What Is A Store Of Value?
The term “store of value” refers to any asset, commodity, or currency that can maintain its value over time. This means that it can be saved, retrieved, and exchanged at a later date without deteriorating in value.
What You Need To Know About Stores Of Value
Now that the store of value definition is clear, let’s discuss which assets fall under it. For instance, despite its declining purchasing power due to inflation, fiat money is often considered a primary example of a store of value by economists.
This is largely due to the fact that fiat currencies are highly liquid while the pace of purchasing power changes affecting them is very slow. Yet, calling fiat currency a store of value is controversial as inflation and hyperinflation continuously cause its depreciation.
Precious metals like gold and silver, on the other hand, are viewed as excellent stores of value because of their scarcity and power to withstand long periods of storage without deterioration.

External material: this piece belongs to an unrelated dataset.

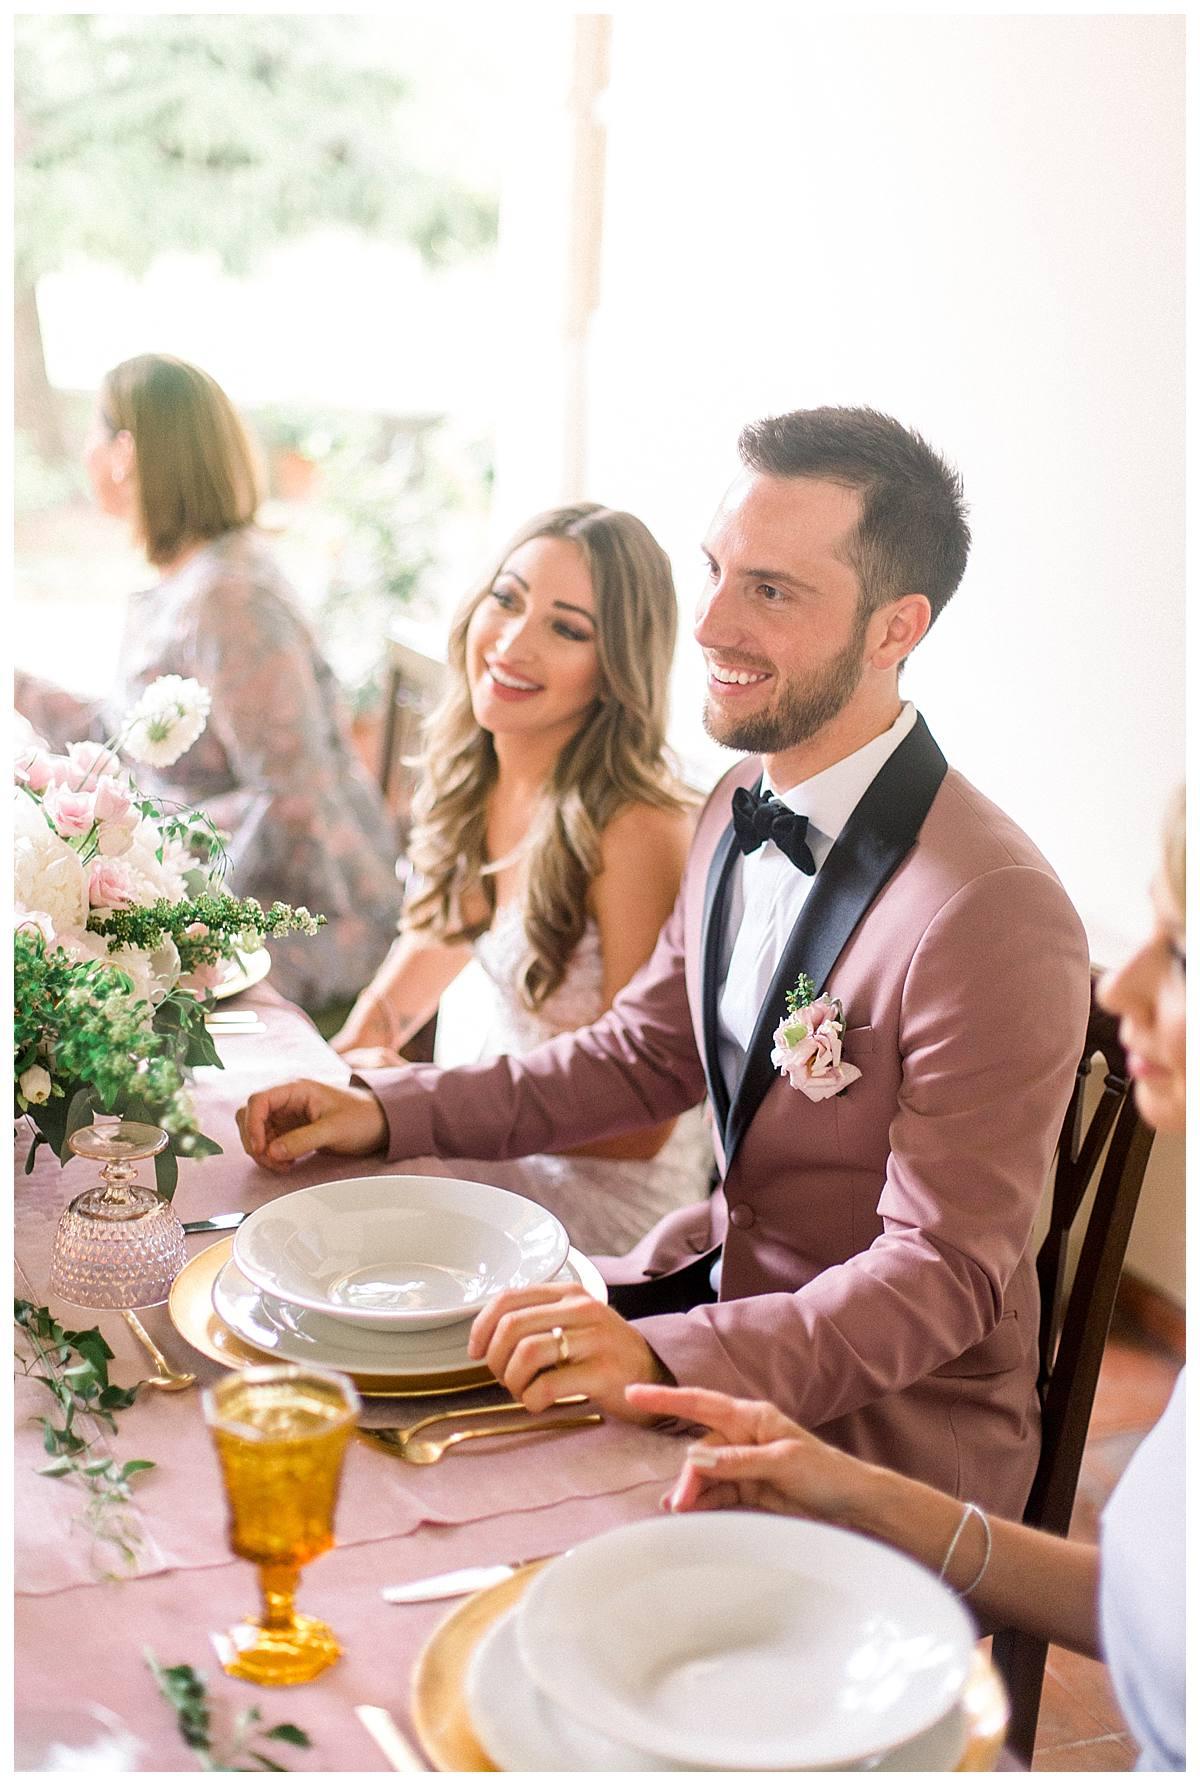 Ph @ The Fashion Wedding
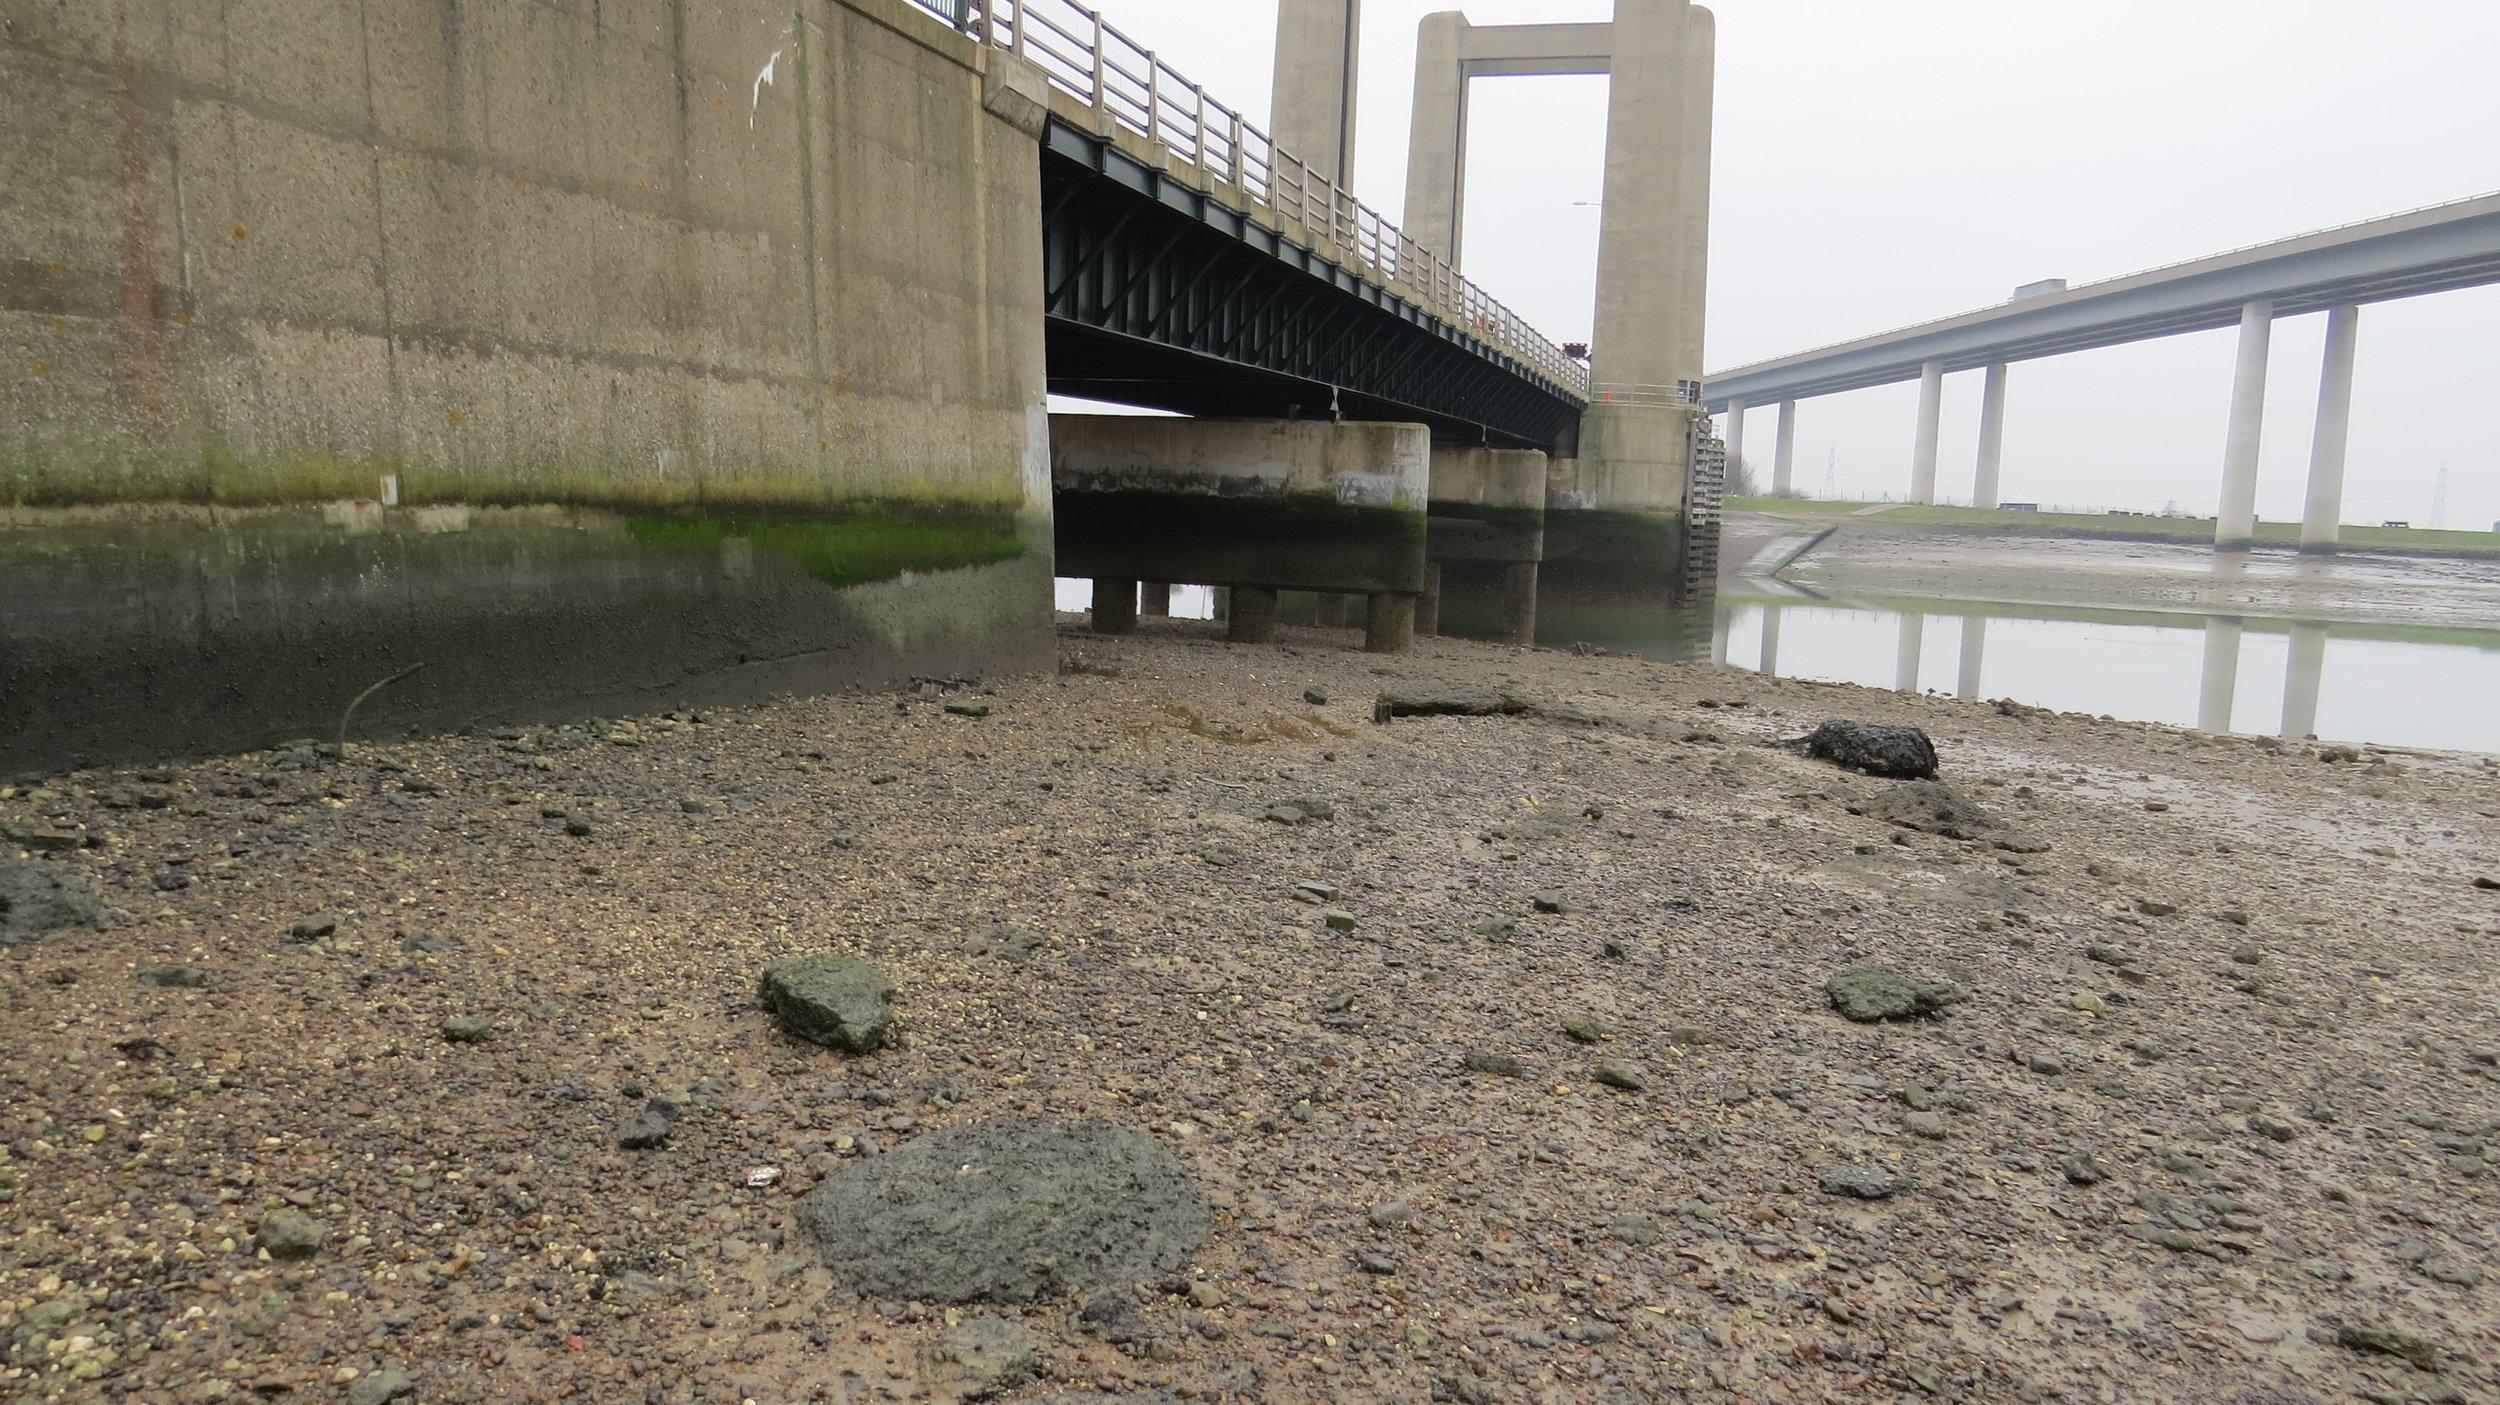 Sneaky route under bridge

Bitcoin, sometimes referred to as “digital gold,” is also regarded by many as a good store of value. Its scarcity (a limited supply of 21 million BTC), indestructibility, and ability to prevent double-spending are some of the reasons for its high perceived value.
Many crypto enthusiasts also count Ether (ETH) as a decent store of value due to the Ethereum blockchain being used as a platform for decentralized applications and smart contracts. Additionally, Ethereum has a well-established development community and a strong network effect, which add up to ETH’s perceived value.
Note that even though cryptocurrencies, such as Bitcoin and Ether, have seen significant price appreciation over the years, they belong to a highly volatile asset class and can be subject to large price swings. Thus, it’s important to thoroughly understand the associated risks before investing in crypto as a store of value.